Jerry and Charlene were bringing platters of food to the table.

“You didn't have any trouble finding me,” I said. “You were a lot harder to find.”

“Well,” Charlene said, “none of us is famous like you are.”

“I'm surprised you didn't send away for my autograph,” I said.

“Don't talk to my wife like that.” It was the first thing Jerry had said since we'd come in the door. He didn't look at me when he said it, but he said it nonetheless. “Sit down and let's have a nice dinner.”

Charlene went back to the counter for glasses of tea. Jerry sat down at the table and put a napkin in his lap. I sat, too. My only other option was throwing china, and I was saving that for when I really needed it. Jerry picked up the plate of meat and held it out for me to pick from.

“Excuse me,” I said. “I need to use the restroom.”

I didn't wait for directions. I went down the plastic runner past the family photos lining the hallway. Some of them were school pictures of a girl taken maybe twenty years ago judging by the haircut and the clothes. I stopped. I'd never thought about them having other children. She looked familiar. My stomach started to swirl again. The girl got older the farther down the hallway I went, and the farther I went the more familiar she got. And I thought it was because she was my sister, my half sister, and that she was familiar just the way Jerry had been at the end of the row of cubicles. I thought maybe my brain recognized kin and blood even when I'd never seen it before, but the girl went from grade school to junior high to high school, and then I knew. I reached up and took the last photo in the series off the wall.

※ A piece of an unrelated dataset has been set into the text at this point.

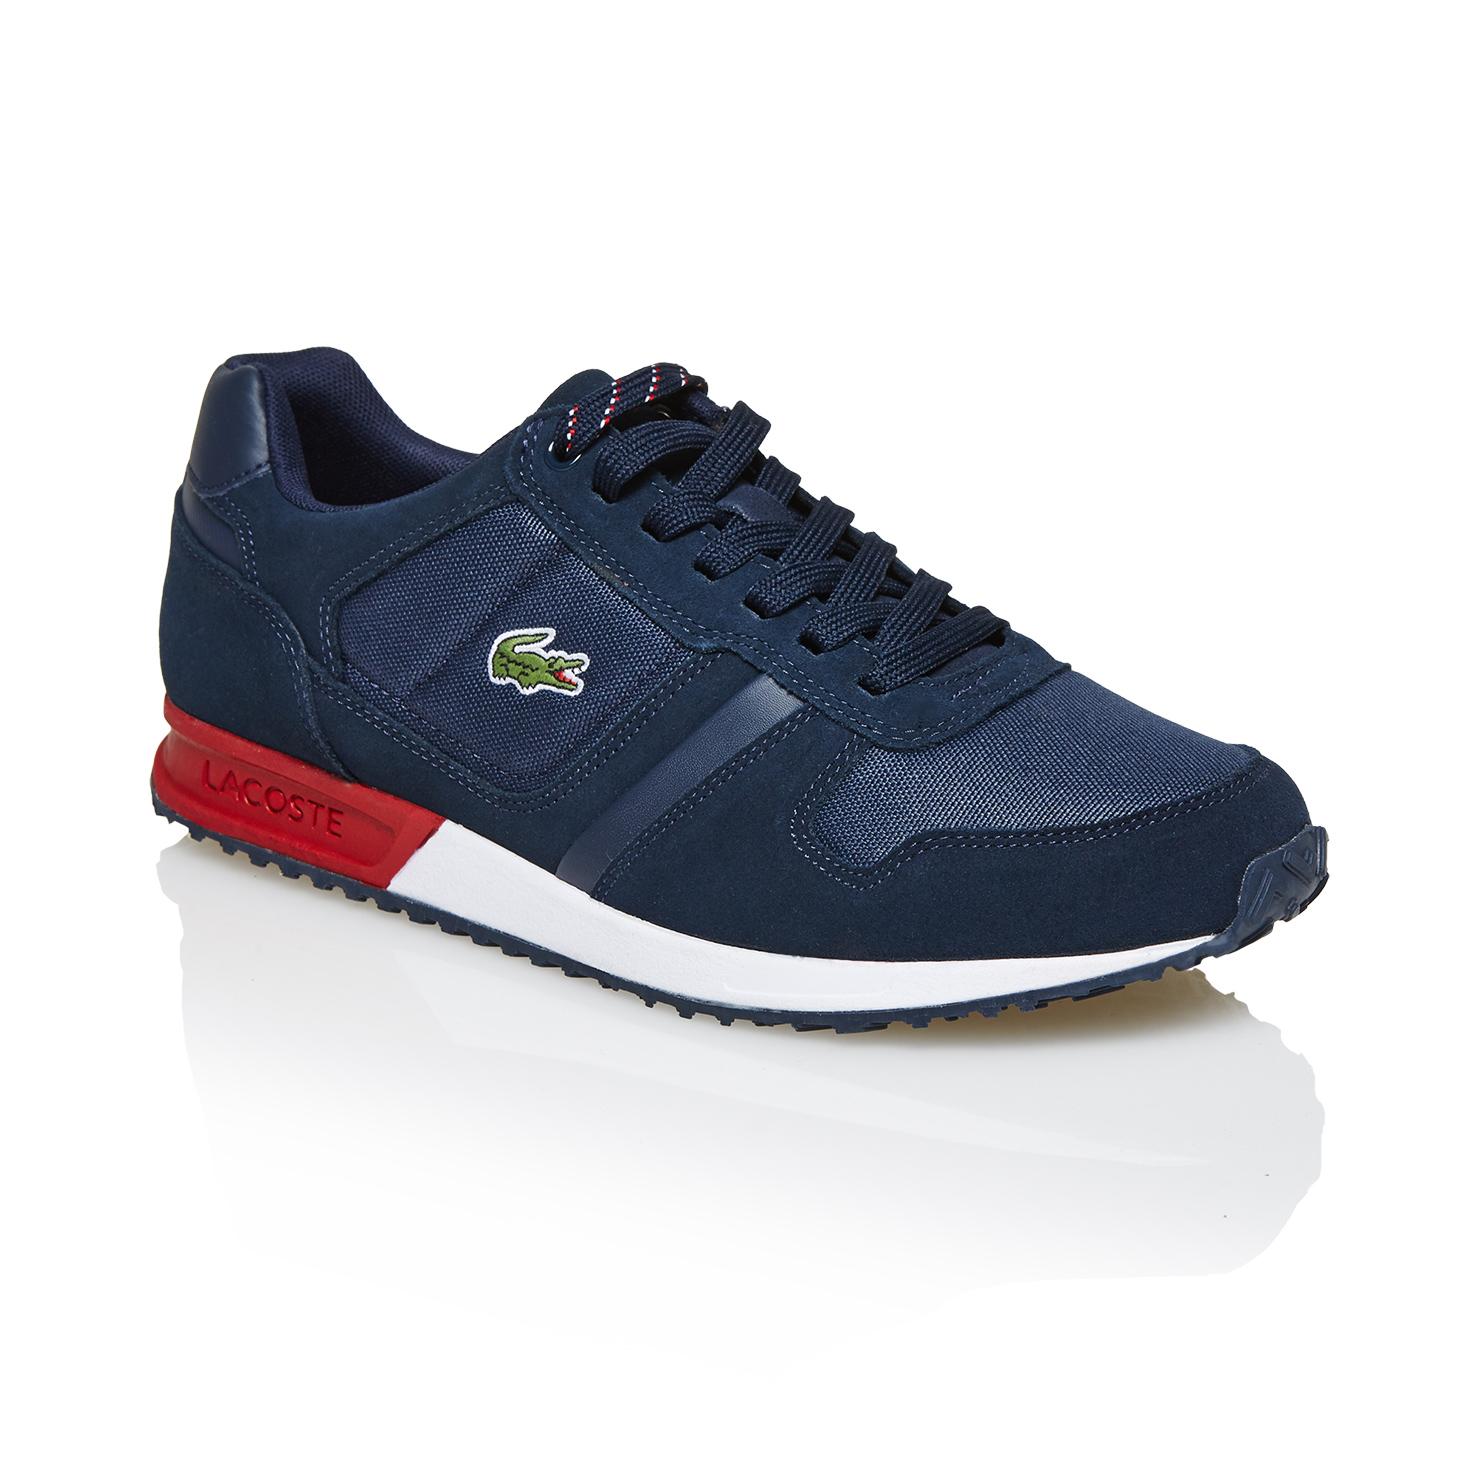 6ee8b7d1e1 Lacoste Vauban Pag Erkek Lacivert Sneaker Erkek Spor Ayakkabı ...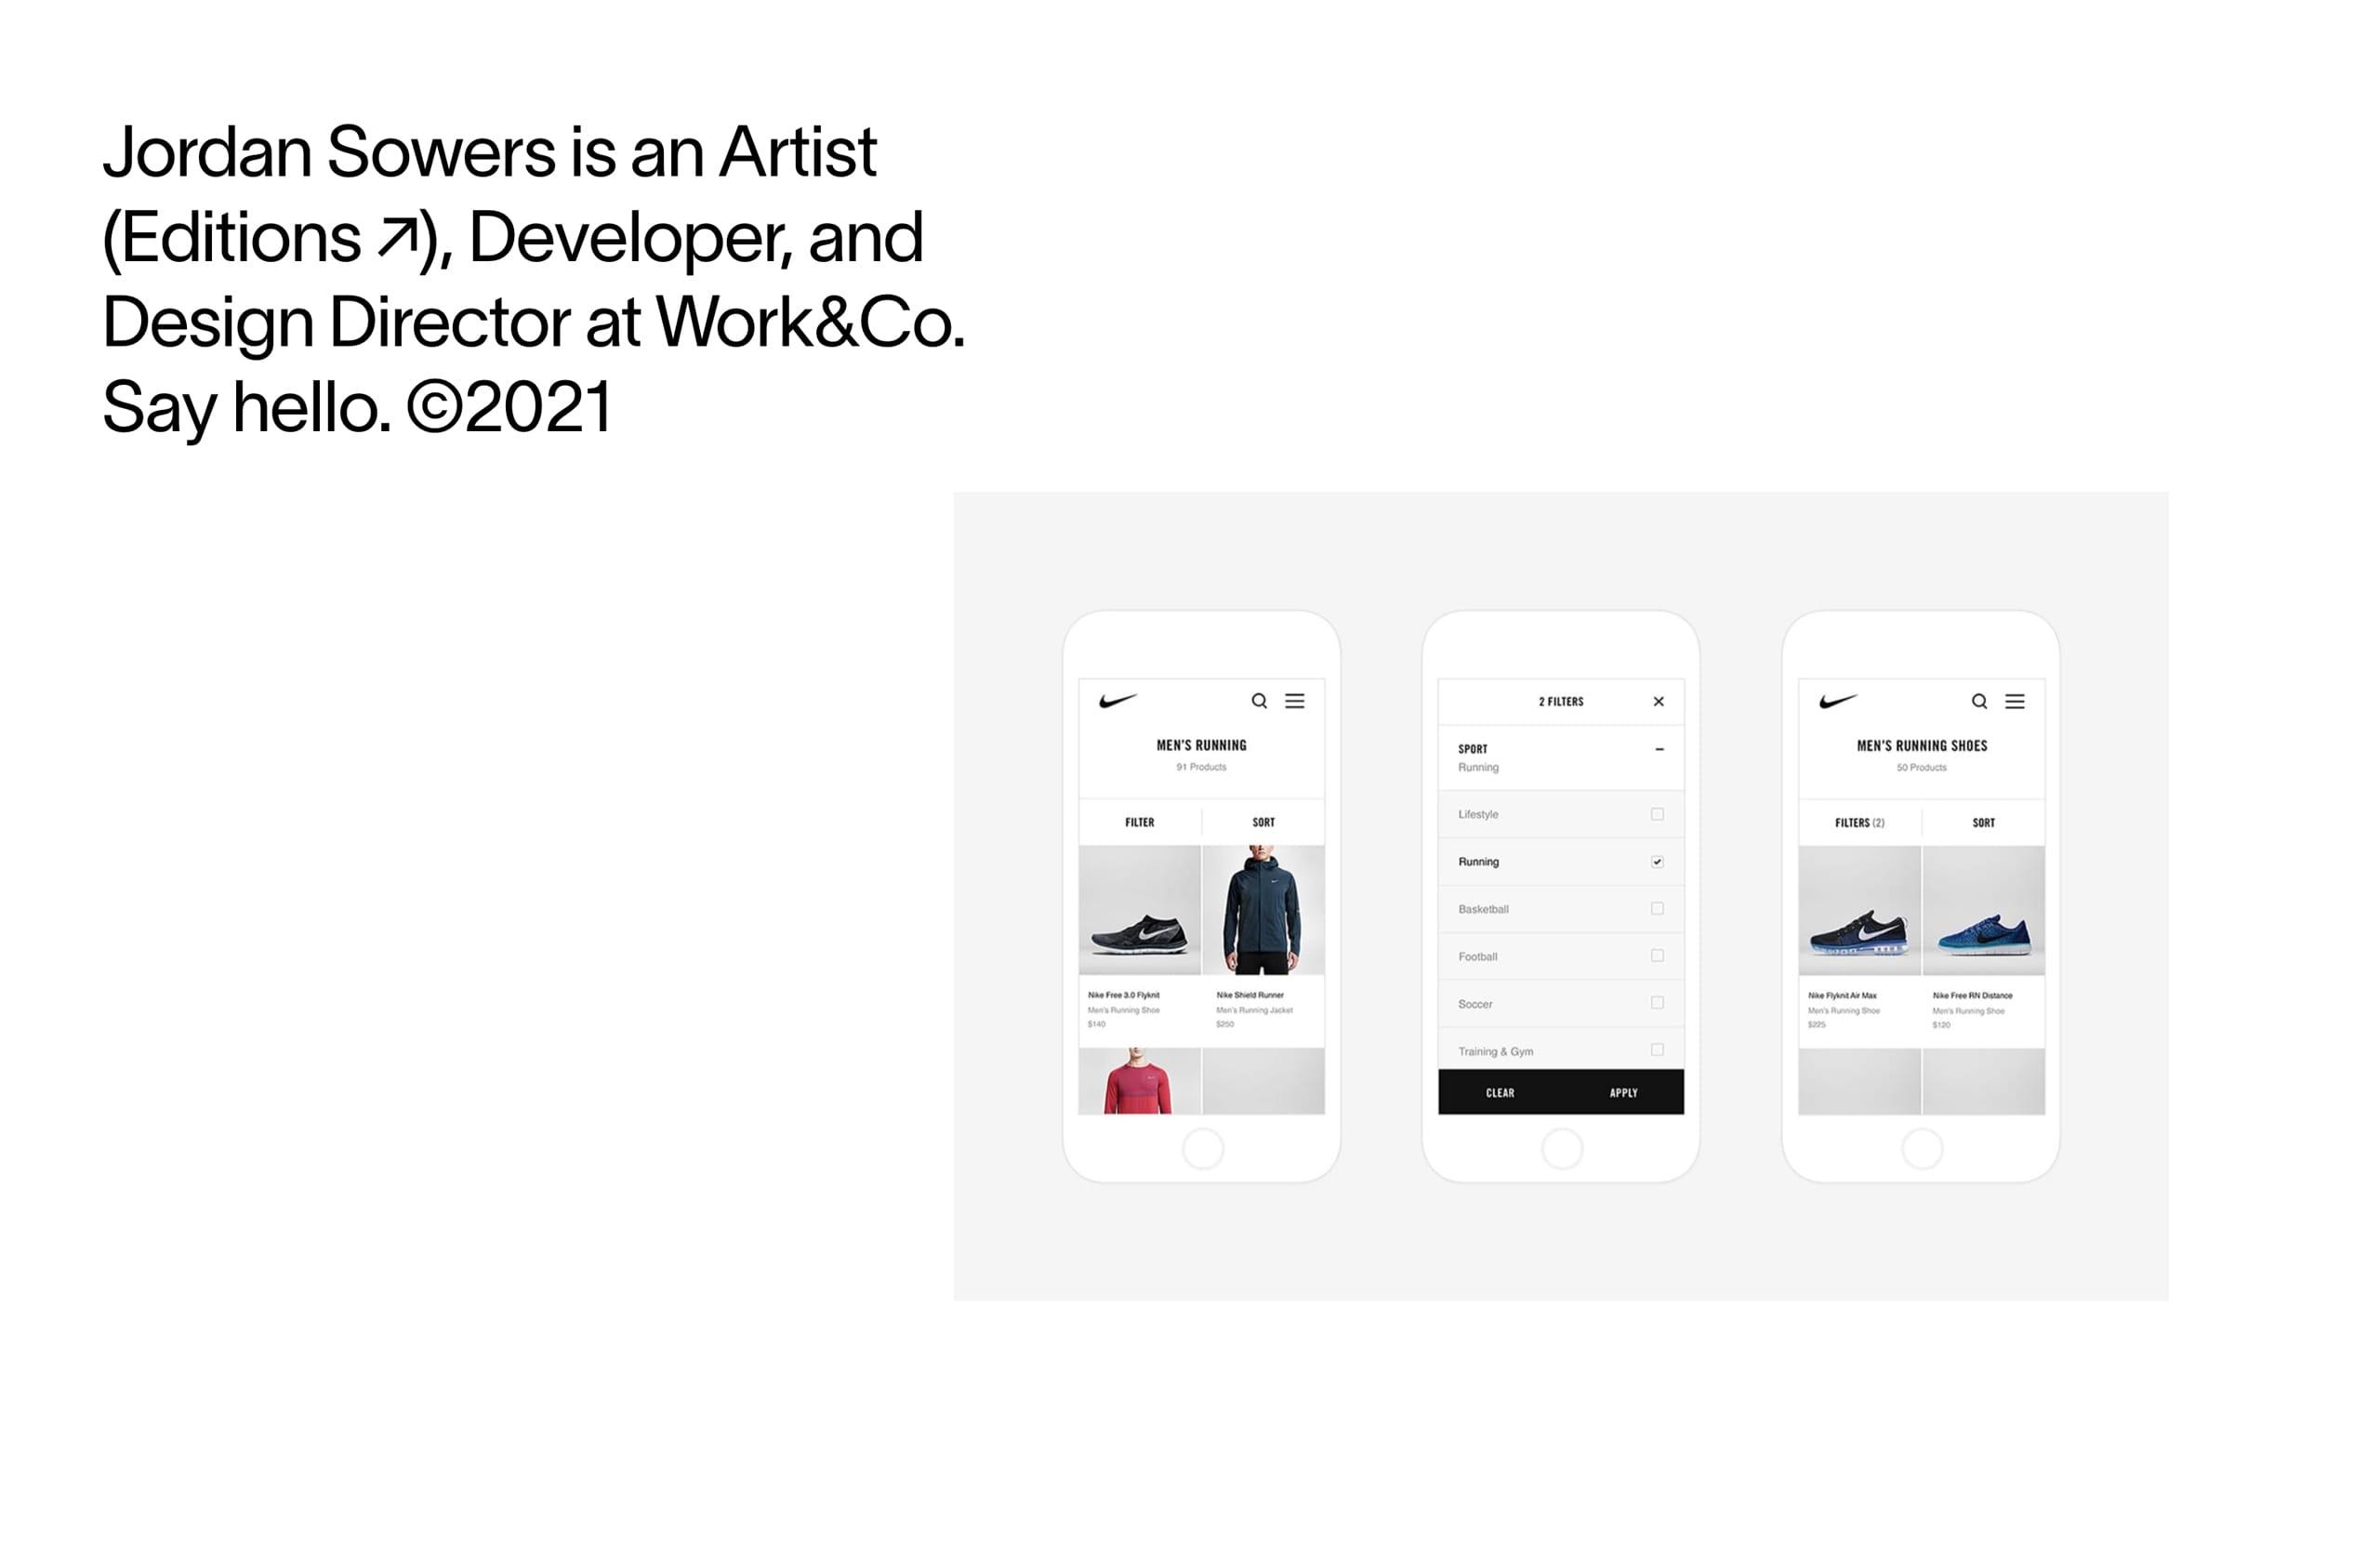 Jordan Sowers Website Screenshot

When I turned, Jerry was standing there at the end of the hall watching me. The paper napkin was still tucked into the waistband of his pants.

“She didn't want you to know.”

I looked from him back at the photo in my hands. It was Jenny. Jenny Pritchard, no relation.

6 Days

I woke up in a hotel room in the city. I'd taken a cab the night before, run right out of there because I didn't know what else to do. I'd wanted to score something like I used to in the old days, back in New York, when I was young and immortal and pickled in vodka and cocaine, but I hadn't scored in years. More than years. A decade. I'd grown up. I didn't know how anymore. I'd been medicating myself at the pharmacy with an insurance card, and I didn't even have that.

Fuck
.

I was wrung out. I was the kind of tired that sleep wouldn't fix. I wanted to lie there in a puddle of betrayal and self-pity, but I hadn't eaten the night before. I was hungry. I sat up. I reserved the right to feel pitiful and betrayed, but I would do it with eggs.

There was a room service menu beside the bed. I opened it and dialed.

I turned on the news and let it drone while I waited for my food. When it came, my milk was still in its little cardboard carton, the same shape as Jerry's house. I looked at the expiration date. It would still be drinkable after I was dead. I didn't know how to feel about that. I didn't feel much. Somehow it seemed like there were more pressing issues.

There was an early hurricane forming in the mid-Atlantic. I watched the colored swirl on CNN and listened to the anchors trying to drum up end-of-the-world excitement. I picked up another piece of bacon. I wasn't hungry, but it was there. Bacon is one of those things you shouldn't waste.

There was a knock. I'd forgotten to put the
DO NOT DISTURB
sign on the knob.

Fuck again
.

I got up and padded to the door without my pants. I wasn't in the mood for pants, and you didn't need pants to tell the housekeeper to go away.

On the other side of the door, Jerry was wearing his pants. Khakis with athletic shoes and a polo shirt tucked in. He looked me in the face, which I suppose was better than looking at my underwear.

“Oh. I can wait,” he said, “until you're decent.”

“I'm never going to be decent. How did you find me?”

“I called Jenny. She paid all your bills before, you know, online. So she looked up your credit card. There was a charge from this hotel on it.”

Ratted out by the Internet.

“Jenny has known all this time?”

“Not always. Since she was in art school. Charlene told her.”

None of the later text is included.